Some days I have answers to my questions. Today, I have none. I simply hold them in my mind and heart. I gaze at them as I do the guests coming for salad, conversation, and a place to rest after a long day looking for work, or a long night on cold concrete. Then I ride my bicycle home, gaze upon the apple blossoms, lettuces, and chard and I give thanks for the power of life renewed. I give thanks for the cycles of beauty and pain, the gifts in each encounter, ideas carried on birdsong, for the washing of the pots and the serving of the soup. I know that even when I don’t know the right answer, I can follow the course back to love.

What gives you hope? What keeps you strong? When do you ask someone for help? When do you offer the same?

What gets you through these times?

4 Responses to “Raising Questions (or, Stopping Trains 2)”

  1. Delen

    This reminds me of a quote by Neil deGrasse Tyson; “When I reach to the edge of the universe, I do so knowing that along some paths of cosmic discovery there are times when, at least for now, one must be content to love the questions themselves.”

    Asking for help can be a hard thing, because our dominant culture prizes indepedence and strength. To admit the need for help is to admit weakness. But, at least for me, I am finding that it is my very weaknesses which lead me to my strengths. In the end, all we have is our humanity and our capacity for love. Whether or not we have answers, whether or not we agree with the answers of others, we can – we must – choose to regard each other with respect and compassion. To do otherwise is to embrace the madness.

  2. Br. Jay

    Compassion- Passion with. Just reading your post, I want to thank you for bearing witness to this. We need each other. There is times when we must stand alone, but just as often we also need our brothers and sisters to help us stand.

  3. Karina B. Heart

    Asking for help and/or accepting it when offered is, I think, a most courageous act. Understanding there is very little we can accomplish alone, especially when by chance or circumstance we are confronted with the truth that we can no longer go on as we have been. One of the Big Lies we’ve been fed is that isolation is the same thing as self responsibility.
    In 12 step programs, the very first steps include an admission that we are powerless and cannot heal ourselves alone.

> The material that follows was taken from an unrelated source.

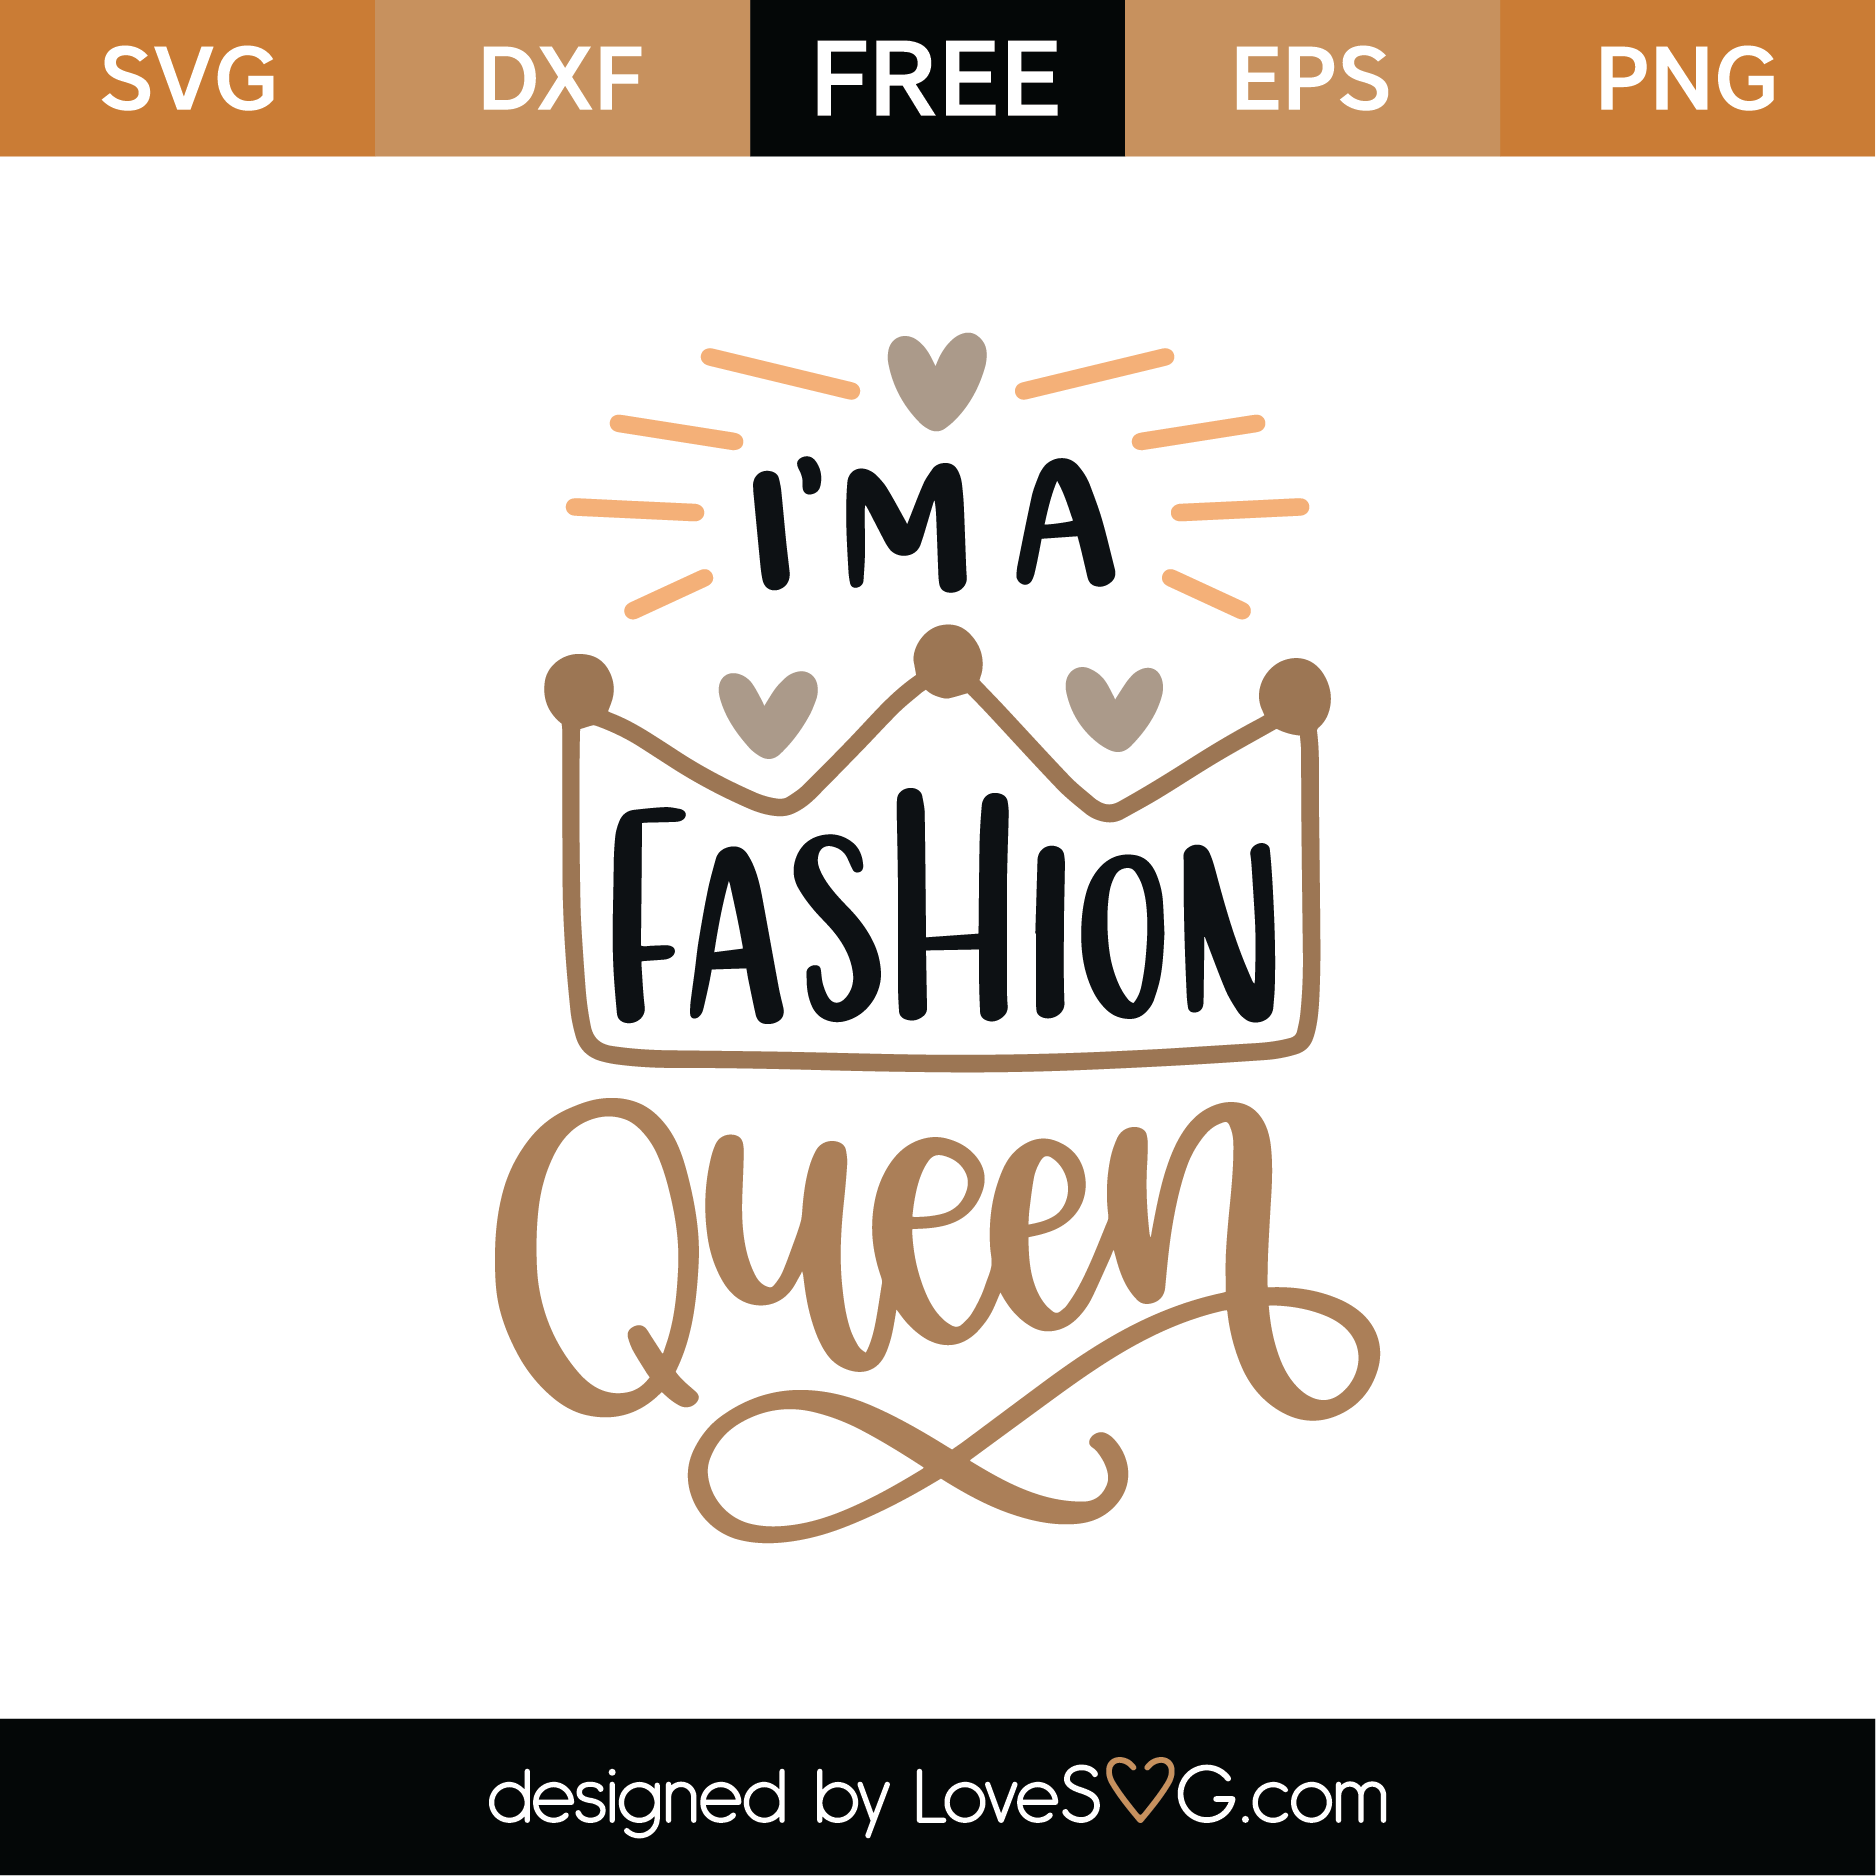 Download Free I'm A Fashion Queen SVG Cut File | Lovesvg.com
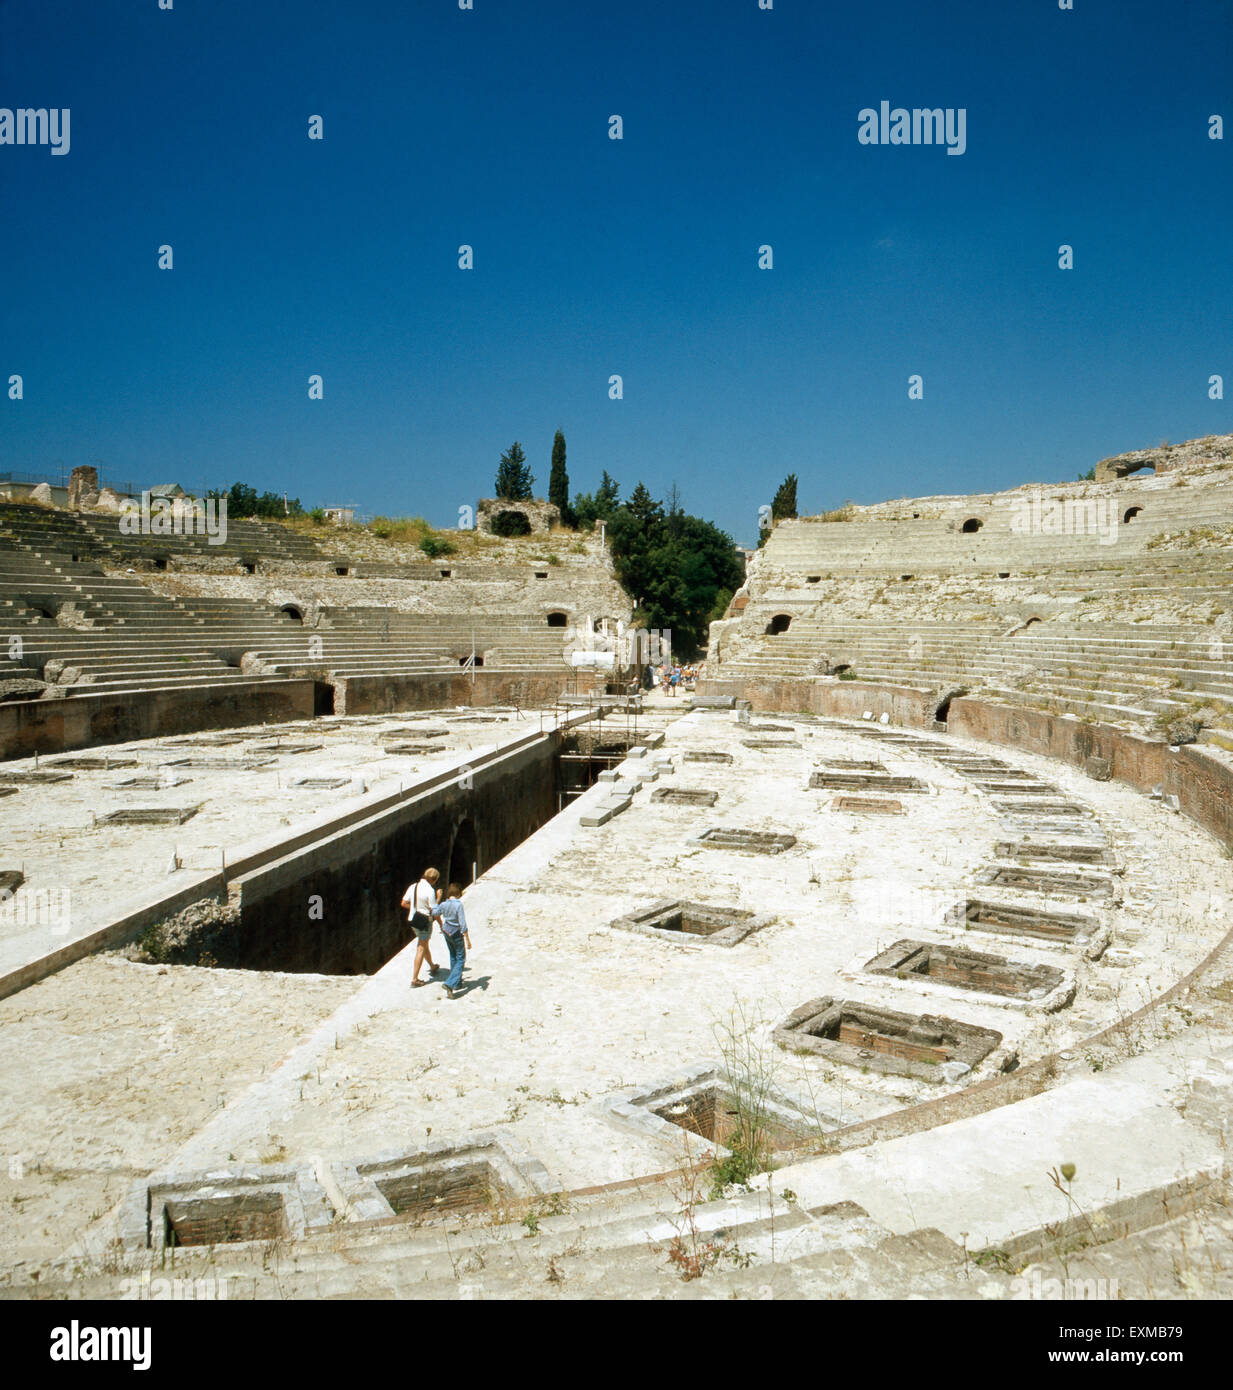 Das flavische anfiteatro von Pozzuoli, Kampanien, Italien 1970er Jahre. L anfiteatro Flavio di Pozzuoli, Campania, Italia degli anni settanta. Foto Stock

From there, we walk (one step at a time and never alone) toward healing, self responsibility and spiritual awakening.
    Still, the questions you pose are poignant and timely. Whether mine is the hand reaching to help or the hand reaching for help (and I reach both ways, often), I remember Victors words. And, I also remember yours: “We cannot change people. We can only do our own work.”

  4. Arachne

    Thank you once again, Thorn, for looking deep into my soul at the same time you are looking into yours.